Duarte responds to the M&G’s reply
Naidoo says Duarte accepts that investigative journalism is necessary and that it is in the public interest to do just that. Her complaint, though, is not that certain individuals (including her family) were allegedly in business with the Guptas or were susceptible to being influenced by them – it is about her being connected to a story which was essentially about such influence.
“Notwithstanding the disclaimers and innuendos that the publication has inserted in the article, the Mail & Guardian should consider the test of the ordinary reader… [They] do not read an article with a magnifying glass and then make a considered decision. [They] in many instances read only the headlines or the opening paragraphs. Moreover, the inclusions of a graphic to accompany an article gives the ordinary reader an opportunity to draw a conclusion from the graphic alone without even reading the article or the innuendos and disclaimers.”
He argues that, taking into consideration the kernel of the article (read: the exercise of potential influence), and then sending a set of questions to Duarte for comment “does not assist the publication with compliance with the Press Code” because she was not the subject of critical reportage. “In fact her complaint is that there was no basis to include her in the graphic representation in the first place because she is not a business woman and it is not stated, alleged or implied that she used or could use her position as the deputy secretary general of the ANC to influence any decision in Transnet or Eskom for the benefit of any party.”
Naidoo adds the newspaper’s defence of “family connections” did not warrant her inclusion in an article about the potential influence on people in positions of power and influence in parastatals and government.
He argues that, for the newspaper to justify Duarte’s inclusion on such speculative grounds, means there was no reasonable basis to include her in the article in the first place. This, he submits, is underscored by the Mail & Guardian’s respons that the graphic linked Duarte only to her son-in-law and ex-husband. The only link for her inclusion, he adds, was her friendship with Mabaso “which we submit is nebulous, unreasonable and unjustified”.
He proposes an apology to Duarte along the following lines:
Ms Duarte supports the efforts by the Mail & Guardian to investigate the relationship between the private sector, public institutions and politicians, even it those investigated are members of her own family. She believes that investigative journalism is necessary to build a strong state founded on principles of sound governance.
Duarte works fulltime for the ANC as its deputy secretary general and is not in business. She has friends an family who are in business.
Notwithstanding the disclaimers, innuendos and speculative nature of the article headlined The Gupta-owned state enterprises, published on 24 March 2016, the Mail & Guardian accepts that the ordinary reader would or could conclude that Ms Duarte is involved in business and could possibly be susceptible to influence in the future to benefit the Gupta family.

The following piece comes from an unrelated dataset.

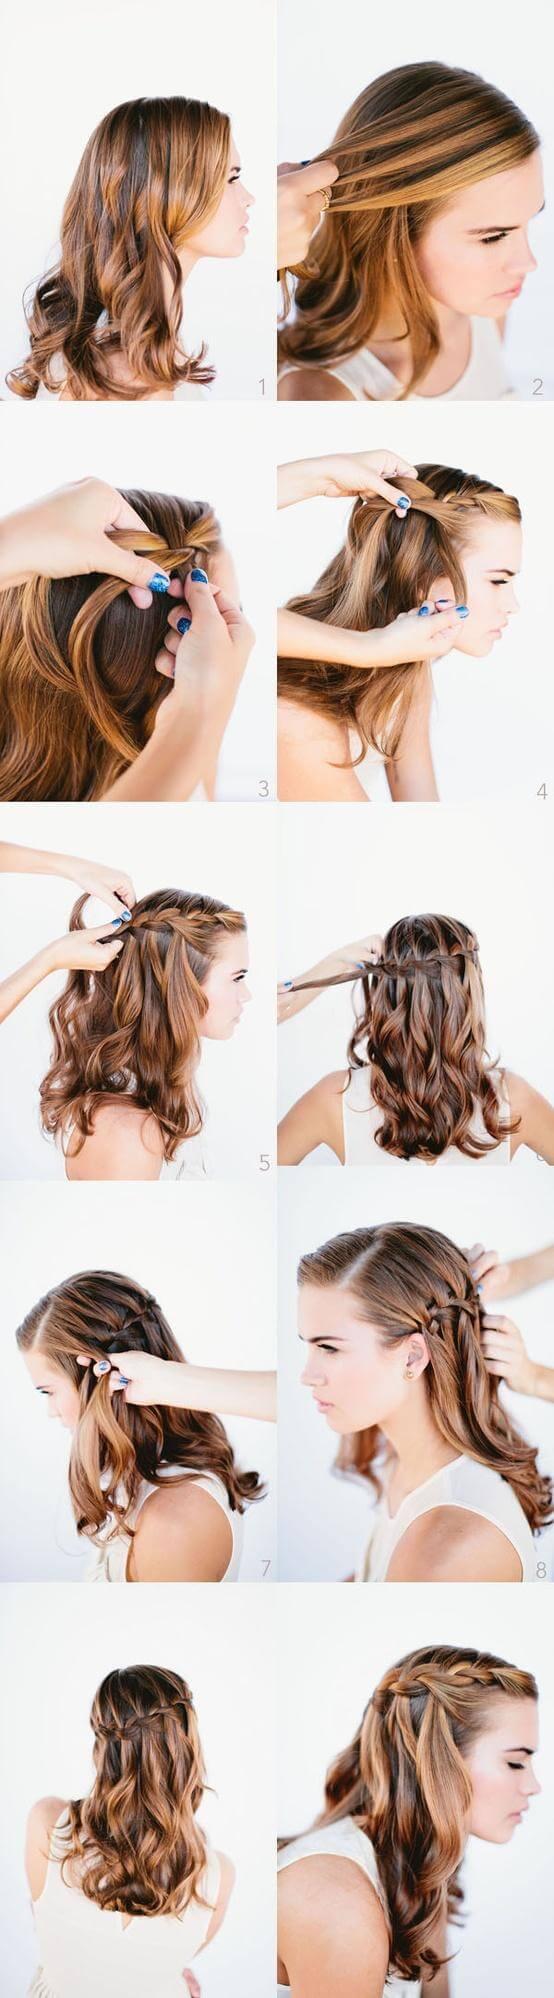 peinados-paso-paso-trenza

The Mail & Guardian extends an apology to Ms Duarte for including her in the article and in the graphic representation.
The first issue, and the crux of the complaint, is the question of whether ordinary readers would or could have concluded that Duarte could have exercised influence for the benefit of the business interests of the Gupta family (because of her links with them).
Pillay’s argument that the article was about existing relationships with the potential of influence, while not claiming that this potential was in fact realised in any untoward manner, is, with respect, partly missing the point. The issue is not whether influence has been realised or not – instead, Duarte complains about her inclusion in a network of links with the Gupta family that facilitates the potential of influence for the benefit of that family.
This is underscored by the first few sentences of the article, which I repeat here: “More than a dozen people linked directly or indirectly to the [Gupta] family and its closest allies can exercise extraordinary influence over the two parastatals and related government policy, such as in mineral resources…”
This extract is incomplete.